▼
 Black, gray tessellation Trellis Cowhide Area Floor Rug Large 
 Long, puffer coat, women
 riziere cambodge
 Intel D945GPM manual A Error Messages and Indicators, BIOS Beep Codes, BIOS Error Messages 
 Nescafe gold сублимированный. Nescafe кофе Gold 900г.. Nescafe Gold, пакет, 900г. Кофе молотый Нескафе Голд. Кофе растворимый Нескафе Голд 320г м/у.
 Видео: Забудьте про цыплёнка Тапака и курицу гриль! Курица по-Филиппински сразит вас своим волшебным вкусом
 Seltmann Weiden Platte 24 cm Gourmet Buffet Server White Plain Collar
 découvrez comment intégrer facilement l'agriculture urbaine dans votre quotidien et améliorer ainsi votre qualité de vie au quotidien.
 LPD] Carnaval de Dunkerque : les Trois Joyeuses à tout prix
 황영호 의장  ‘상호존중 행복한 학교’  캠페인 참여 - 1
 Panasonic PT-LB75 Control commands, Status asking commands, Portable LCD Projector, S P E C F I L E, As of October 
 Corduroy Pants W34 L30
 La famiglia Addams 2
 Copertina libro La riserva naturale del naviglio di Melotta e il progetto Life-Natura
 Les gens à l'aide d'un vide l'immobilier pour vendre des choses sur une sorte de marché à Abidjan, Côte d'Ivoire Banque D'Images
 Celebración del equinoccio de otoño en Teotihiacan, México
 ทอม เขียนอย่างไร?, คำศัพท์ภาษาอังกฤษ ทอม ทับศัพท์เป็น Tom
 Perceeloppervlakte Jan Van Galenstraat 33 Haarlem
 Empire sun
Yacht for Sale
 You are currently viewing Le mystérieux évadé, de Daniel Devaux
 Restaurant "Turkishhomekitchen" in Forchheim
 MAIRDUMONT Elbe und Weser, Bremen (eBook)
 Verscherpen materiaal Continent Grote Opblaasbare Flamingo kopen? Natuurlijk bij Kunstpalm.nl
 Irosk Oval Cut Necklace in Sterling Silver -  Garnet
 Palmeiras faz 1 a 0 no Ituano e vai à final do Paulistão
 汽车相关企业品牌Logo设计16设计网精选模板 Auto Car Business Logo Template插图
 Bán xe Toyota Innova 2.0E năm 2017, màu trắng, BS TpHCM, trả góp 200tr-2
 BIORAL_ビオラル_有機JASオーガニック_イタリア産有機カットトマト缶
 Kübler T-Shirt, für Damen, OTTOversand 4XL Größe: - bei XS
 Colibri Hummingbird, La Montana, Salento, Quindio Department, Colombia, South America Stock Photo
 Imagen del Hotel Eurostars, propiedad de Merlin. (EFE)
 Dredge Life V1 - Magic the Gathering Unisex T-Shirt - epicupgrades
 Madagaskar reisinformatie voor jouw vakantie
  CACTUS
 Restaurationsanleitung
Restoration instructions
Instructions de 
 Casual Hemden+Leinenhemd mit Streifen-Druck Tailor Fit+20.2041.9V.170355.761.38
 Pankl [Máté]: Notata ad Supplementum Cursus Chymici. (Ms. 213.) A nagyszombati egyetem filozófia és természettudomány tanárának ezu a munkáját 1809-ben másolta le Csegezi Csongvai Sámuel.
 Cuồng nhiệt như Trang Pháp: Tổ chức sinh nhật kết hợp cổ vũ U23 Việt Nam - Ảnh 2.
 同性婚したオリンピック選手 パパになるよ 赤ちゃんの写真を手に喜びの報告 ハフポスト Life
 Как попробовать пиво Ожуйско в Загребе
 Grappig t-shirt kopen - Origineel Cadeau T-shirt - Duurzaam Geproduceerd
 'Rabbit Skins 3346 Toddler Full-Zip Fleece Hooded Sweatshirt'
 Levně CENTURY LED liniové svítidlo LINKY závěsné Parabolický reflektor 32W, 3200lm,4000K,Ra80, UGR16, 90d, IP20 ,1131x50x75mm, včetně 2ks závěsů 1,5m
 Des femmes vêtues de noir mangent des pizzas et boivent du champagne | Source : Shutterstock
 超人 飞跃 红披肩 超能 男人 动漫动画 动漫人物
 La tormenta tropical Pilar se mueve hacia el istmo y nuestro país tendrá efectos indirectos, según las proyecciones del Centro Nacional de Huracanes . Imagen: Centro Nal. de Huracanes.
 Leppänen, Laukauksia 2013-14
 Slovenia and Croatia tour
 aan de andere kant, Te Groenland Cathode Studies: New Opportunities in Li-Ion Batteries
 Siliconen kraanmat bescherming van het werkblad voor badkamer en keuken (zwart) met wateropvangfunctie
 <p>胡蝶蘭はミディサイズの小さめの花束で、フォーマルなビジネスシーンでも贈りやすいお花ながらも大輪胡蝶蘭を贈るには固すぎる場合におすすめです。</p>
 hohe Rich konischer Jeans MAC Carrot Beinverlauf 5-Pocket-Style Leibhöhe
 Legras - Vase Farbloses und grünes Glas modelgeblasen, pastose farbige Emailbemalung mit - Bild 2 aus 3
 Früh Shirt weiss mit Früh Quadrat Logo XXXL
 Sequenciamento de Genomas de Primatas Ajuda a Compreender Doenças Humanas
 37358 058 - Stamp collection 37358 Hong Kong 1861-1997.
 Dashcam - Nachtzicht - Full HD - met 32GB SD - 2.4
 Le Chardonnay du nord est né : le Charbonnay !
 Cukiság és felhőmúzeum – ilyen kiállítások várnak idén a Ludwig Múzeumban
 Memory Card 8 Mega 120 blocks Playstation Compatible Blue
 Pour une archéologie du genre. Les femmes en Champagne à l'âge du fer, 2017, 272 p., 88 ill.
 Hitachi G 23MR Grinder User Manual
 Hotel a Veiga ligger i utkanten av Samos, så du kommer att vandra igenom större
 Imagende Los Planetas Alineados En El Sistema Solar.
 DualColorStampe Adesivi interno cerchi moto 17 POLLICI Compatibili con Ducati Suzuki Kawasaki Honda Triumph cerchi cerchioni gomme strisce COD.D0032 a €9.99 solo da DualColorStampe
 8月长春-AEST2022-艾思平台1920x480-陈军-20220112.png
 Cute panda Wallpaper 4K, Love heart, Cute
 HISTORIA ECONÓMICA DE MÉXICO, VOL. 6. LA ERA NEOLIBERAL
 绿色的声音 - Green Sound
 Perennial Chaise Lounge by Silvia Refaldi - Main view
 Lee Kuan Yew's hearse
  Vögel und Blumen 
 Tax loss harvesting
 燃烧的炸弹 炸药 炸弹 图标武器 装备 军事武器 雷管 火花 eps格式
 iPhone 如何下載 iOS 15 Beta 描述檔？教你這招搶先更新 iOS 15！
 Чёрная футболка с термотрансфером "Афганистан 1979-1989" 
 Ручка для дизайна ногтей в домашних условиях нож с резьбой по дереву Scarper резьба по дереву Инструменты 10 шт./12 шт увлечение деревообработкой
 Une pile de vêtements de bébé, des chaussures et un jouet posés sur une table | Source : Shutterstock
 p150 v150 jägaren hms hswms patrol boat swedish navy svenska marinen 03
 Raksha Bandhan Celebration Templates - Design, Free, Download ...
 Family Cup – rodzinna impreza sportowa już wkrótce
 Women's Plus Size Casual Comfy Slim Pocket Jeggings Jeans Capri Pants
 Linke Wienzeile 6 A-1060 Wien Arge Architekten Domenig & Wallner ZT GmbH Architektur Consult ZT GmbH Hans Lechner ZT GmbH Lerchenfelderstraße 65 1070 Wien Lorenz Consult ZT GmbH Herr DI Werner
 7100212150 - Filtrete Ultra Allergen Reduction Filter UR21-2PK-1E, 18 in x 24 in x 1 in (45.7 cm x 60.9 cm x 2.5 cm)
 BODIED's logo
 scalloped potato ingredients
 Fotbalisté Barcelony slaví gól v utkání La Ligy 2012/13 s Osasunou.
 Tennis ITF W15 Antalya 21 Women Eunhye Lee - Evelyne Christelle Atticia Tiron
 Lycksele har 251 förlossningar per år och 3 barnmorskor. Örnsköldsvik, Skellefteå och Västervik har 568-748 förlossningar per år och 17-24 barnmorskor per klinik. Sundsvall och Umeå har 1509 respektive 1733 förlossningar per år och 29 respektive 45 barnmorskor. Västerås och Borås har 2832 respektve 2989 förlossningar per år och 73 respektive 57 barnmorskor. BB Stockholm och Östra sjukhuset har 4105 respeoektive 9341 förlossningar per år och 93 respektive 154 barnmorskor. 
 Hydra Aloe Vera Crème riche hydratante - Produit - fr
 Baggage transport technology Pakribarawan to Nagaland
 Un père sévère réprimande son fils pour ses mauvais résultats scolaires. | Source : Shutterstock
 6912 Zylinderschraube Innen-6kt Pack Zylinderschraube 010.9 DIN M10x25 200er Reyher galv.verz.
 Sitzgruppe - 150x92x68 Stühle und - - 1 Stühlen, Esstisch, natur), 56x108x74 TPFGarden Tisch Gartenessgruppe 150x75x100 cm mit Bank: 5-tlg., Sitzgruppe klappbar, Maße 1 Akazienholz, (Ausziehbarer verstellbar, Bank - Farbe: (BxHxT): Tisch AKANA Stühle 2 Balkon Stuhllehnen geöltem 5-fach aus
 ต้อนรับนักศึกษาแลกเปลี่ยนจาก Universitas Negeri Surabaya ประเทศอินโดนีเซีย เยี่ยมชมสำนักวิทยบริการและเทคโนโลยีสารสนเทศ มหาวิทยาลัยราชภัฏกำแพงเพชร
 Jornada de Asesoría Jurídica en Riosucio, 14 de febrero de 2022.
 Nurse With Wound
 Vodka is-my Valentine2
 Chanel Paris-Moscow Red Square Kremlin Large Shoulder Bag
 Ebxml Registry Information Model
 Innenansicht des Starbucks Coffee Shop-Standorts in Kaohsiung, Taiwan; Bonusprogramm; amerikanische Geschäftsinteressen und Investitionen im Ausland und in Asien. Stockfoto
▲
__What is expected__
Search the listing above for the lines with "découvrez comment intégrer" and "La famiglia Addams 2", then output those lines and all lines between them exactly.

__Answer area__
 découvrez comment intégrer facilement l'agriculture urbaine dans votre quotidien et améliorer ainsi votre qualité de vie au quotidien.
 LPD] Carnaval de Dunkerque : les Trois Joyeuses à tout prix
 황영호 의장  ‘상호존중 행복한 학교’  캠페인 참여 - 1
 Panasonic PT-LB75 Control commands, Status asking commands, Portable LCD Projector, S P E C F I L E, As of October 
 Corduroy Pants W34 L30
 La famiglia Addams 2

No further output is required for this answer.